After recording, both traces are aligned. For an event trace, the power traces collected during the duration of such event are aggregated and total energy and average power for the event are computed. The events with their corresponding energy can then be hierarchically organized in the different layers and elements of the model.

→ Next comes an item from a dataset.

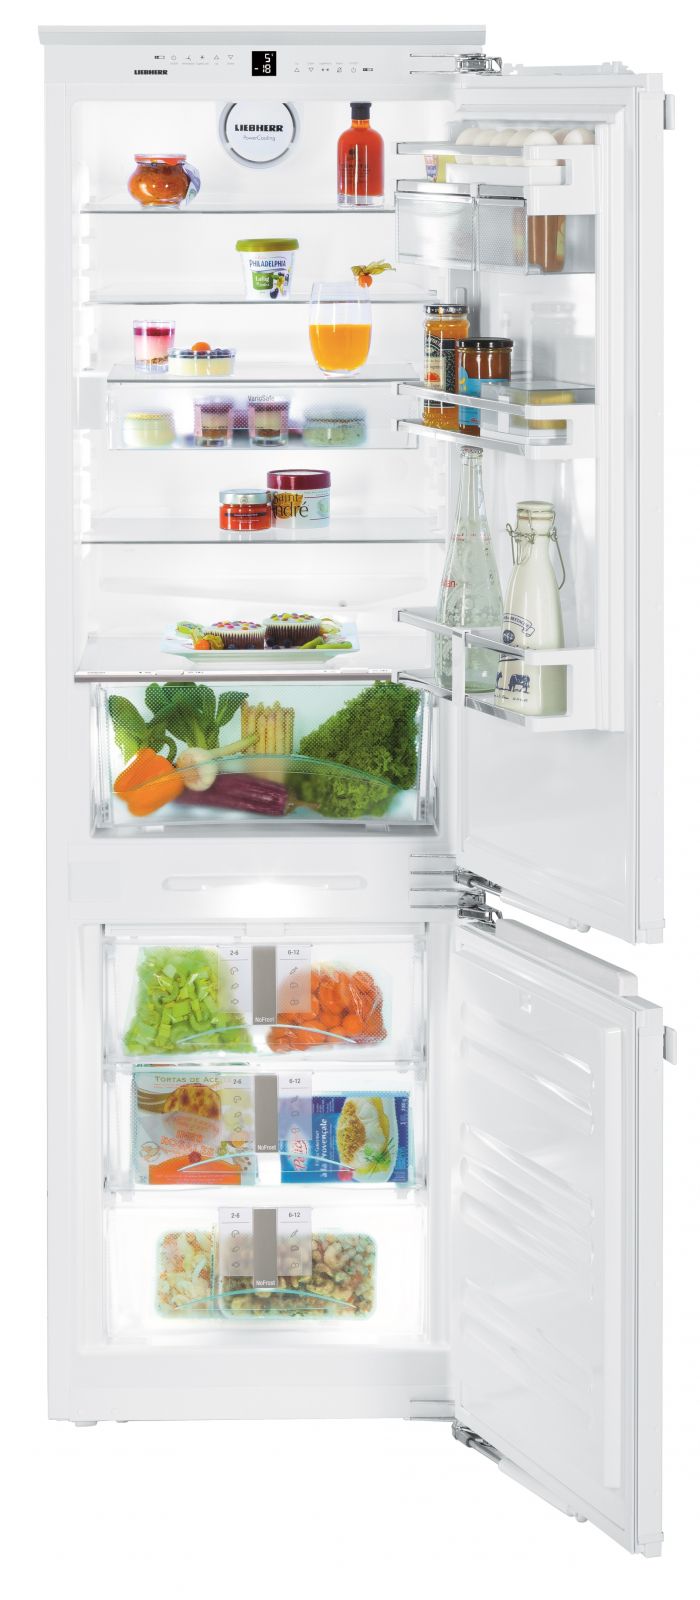 Холодильник встроенный двухкамерный no frost. Liebherr ICN 3376 Premium NOFROST. Либхер холодильник встраиваемый двухкамерный. Холодильник Liebherr ICN 5123. Холодильник Liebherr ICN 3056.

The system is evaluated using BERT and its alternative ALBERT, one of the first transformer-based NLP models. The energy is measured for all stages of the model (pre-training, fine-tuning, and prediction). Their findings show that backward passes are the most energy-hungry and, inside the model, the self-attention layers account for most of the energy usage of the model. They also experiment with modifying hyperparameters, namely the number of transformer layers and the number of hidden embeddings. They find that, for BERT, the number of hidden embeddings is dominant in terms of power consumption. Increasing the number of hidden embeddings has a much greater effect on total energy usage than increasing the number of layers. Finally, in their comparison with ALBERT, they have the same findings in terms of relative energy usage, with self-atention layers using most of the energy, but ALBERT manages to use almost half the energy in some of its modules.